Le devoir de se joindre à l’Église

« Puisque cette sainte assemblée et communauté est l’assemblée des sauvés et qu’il n’y a pas de salut en dehors d’elle, nous croyons que personne ne doit se retirer de cette assemblée pour se contenter de se retrouver seul, quels que soient sa condition ou son rang. Tous doivent se joindre et s’unir à elle, contribuant à l’unité de l’Église en se soumettant à son instruction et à sa discipline, en acceptant de porter le joug de Jésus‑Christ et en servant leurs frères pour les édifier, selon les dons que Dieu leur a accordés en tant que membres d’un même corps.

Afin que cette unité soit mieux gardée, c’est le devoir de tous les croyants, selon la Parole de Dieu, de se séparer de ceux qui ne font pas partie de l’Église et de se joindre à cette assemblée partout où Dieu l’a établie. Ils doivent le faire même si les autorités civiles et les décrets des dirigeants s’y opposent et que la mort ou la punition corporelle en découlent. Ainsi, tous ceux qui se retirent de l’Église ou qui ne s’y joignent pas s’opposent à ce que Dieu a ordonné. »

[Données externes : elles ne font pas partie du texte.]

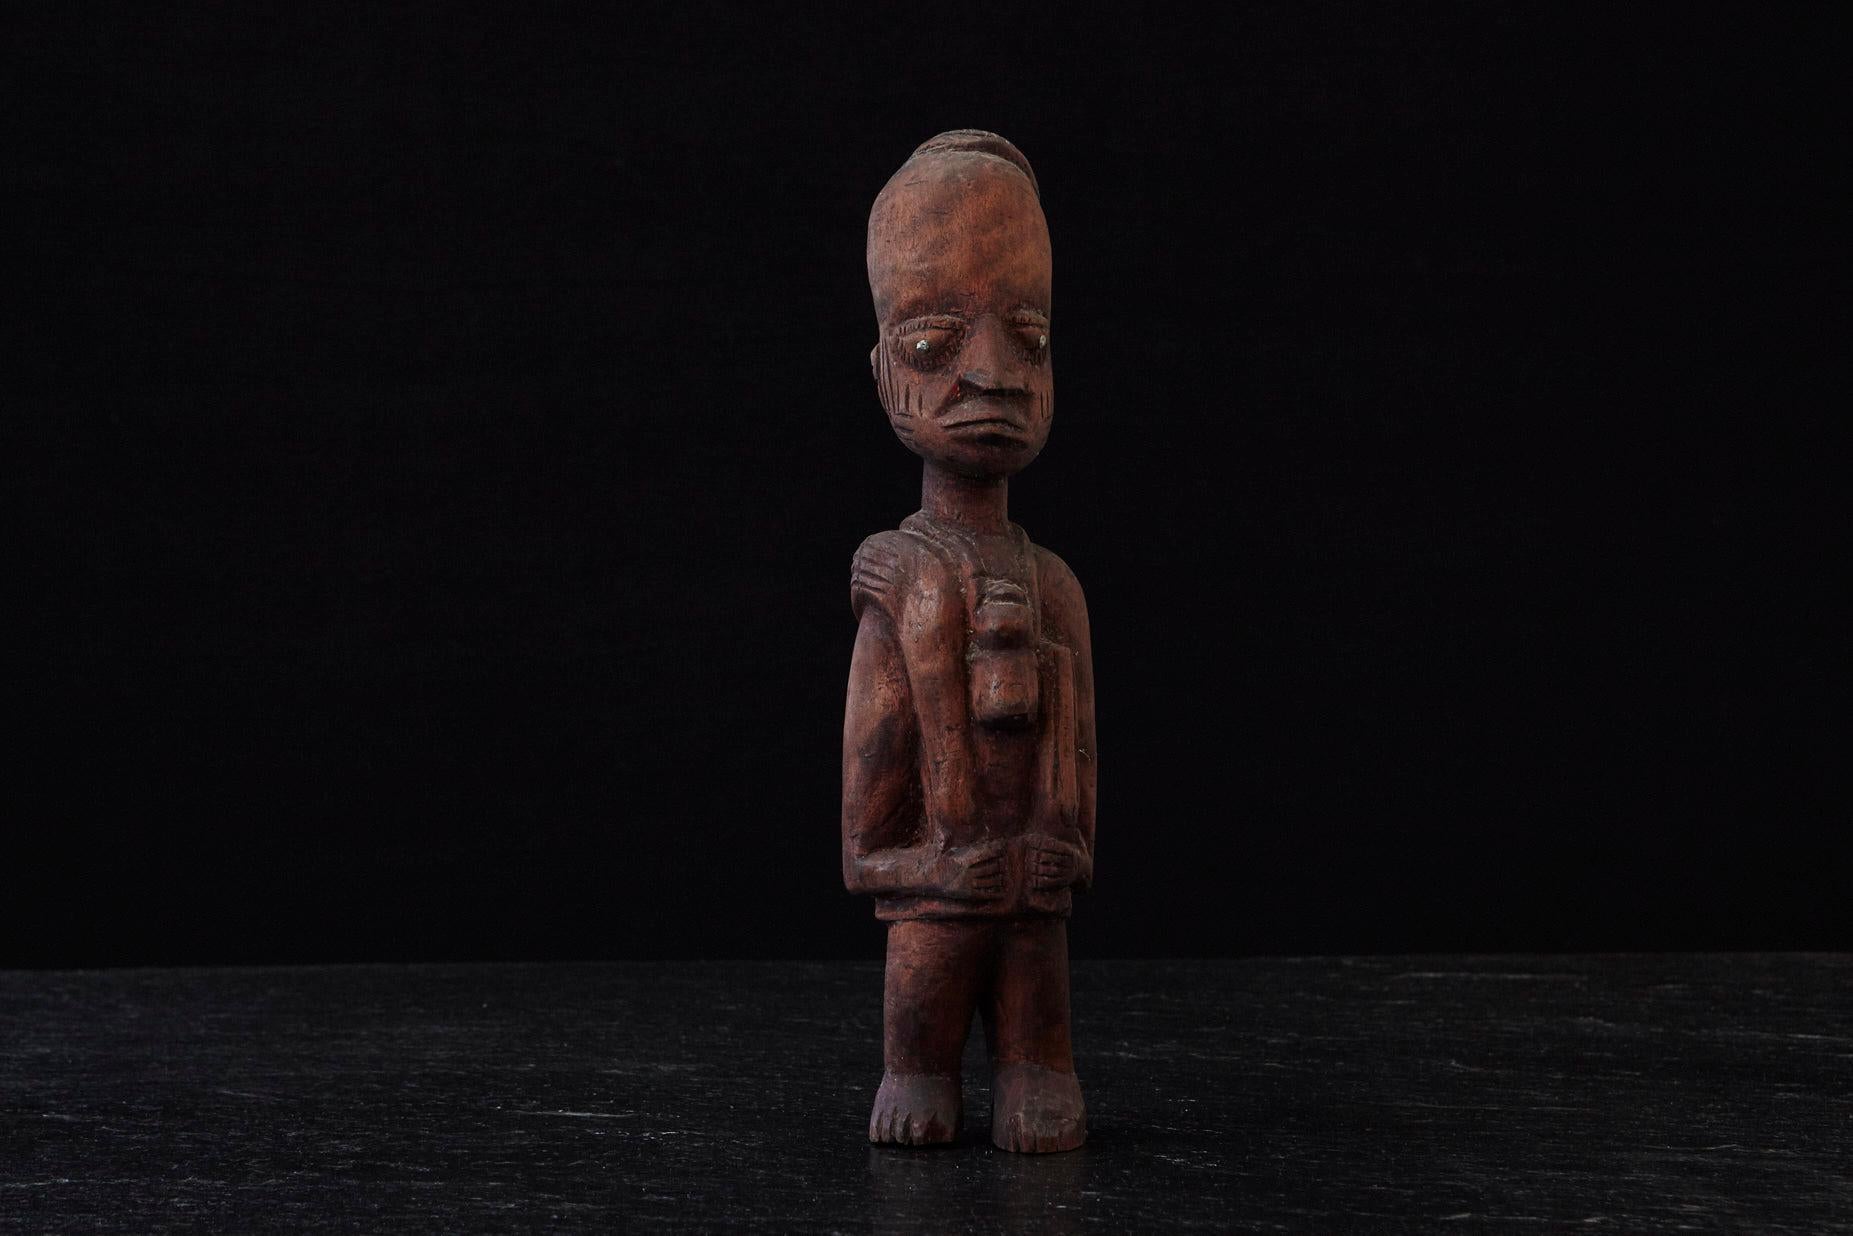 Tall hand-carved wooden statue of a Ju Ju Man crafted by the Egba People in Abeokuta, Ogun State (part of Nigeria), circa 1940s.
The pupils are made from nails, which intensifies the look and the expression of the Ju Ju Man, as the rest of the

Confession de foi des Pays-Bas, article 28

  1. Les personnes et les attitudes visées par cette confession
  2. Dieu convoque son Église
  3. La joie de louer Dieu dans l’assemblée
  4. Se joindre à l’Église et y rester attaché
  5. S’édifier ensemble et conserver l’unité dans la diversité

Nous sommes souvent portés à considérer l’Église comme un objet de consommation qui est là pour satisfaire nos besoins et que nous pourrions délaisser si elle ne répond pas ou ne répond plus à nos attentes. Nous oublions souvent que le Seigneur nous a confié des responsabilités importantes envers son Église. Notre première responsabilité consiste à nous joindre à l’Église et à ne pas nous en séparer, comme le reconnaît la Confession de foi des Pays‑Bas.

« Puisque cette sainte assemblée et communauté est l’assemblée des sauvés et qu’il n’y a pas de salut en dehors d’elle, nous croyons que personne ne doit se retirer de cette assemblée pour se contenter de se retrouver seul, quels que soient sa condition ou son rang. Tous doivent se joindre et s’unir à elle » (art. 28).

1. Les personnes et les attitudes visées par cette confession🔗

Cet article visait à l’origine deux groupes de gens bien précis. Mentionnons d’abord les anabaptistes qui considéraient que l’Église revêtait une importance relative. En réaction aux erreurs de l’Église catholique romaine, ces gens avaient tendance à mépriser l’Église et à s’en séparer pour toutes sortes de raisons futiles. Certains d’entre eux ont formé des groupes sectaires radicaux. D’autres ont préféré rester isolés pour vivre à part et s’édifier tout seuls, estimant ne pas avoir besoin de l’Église.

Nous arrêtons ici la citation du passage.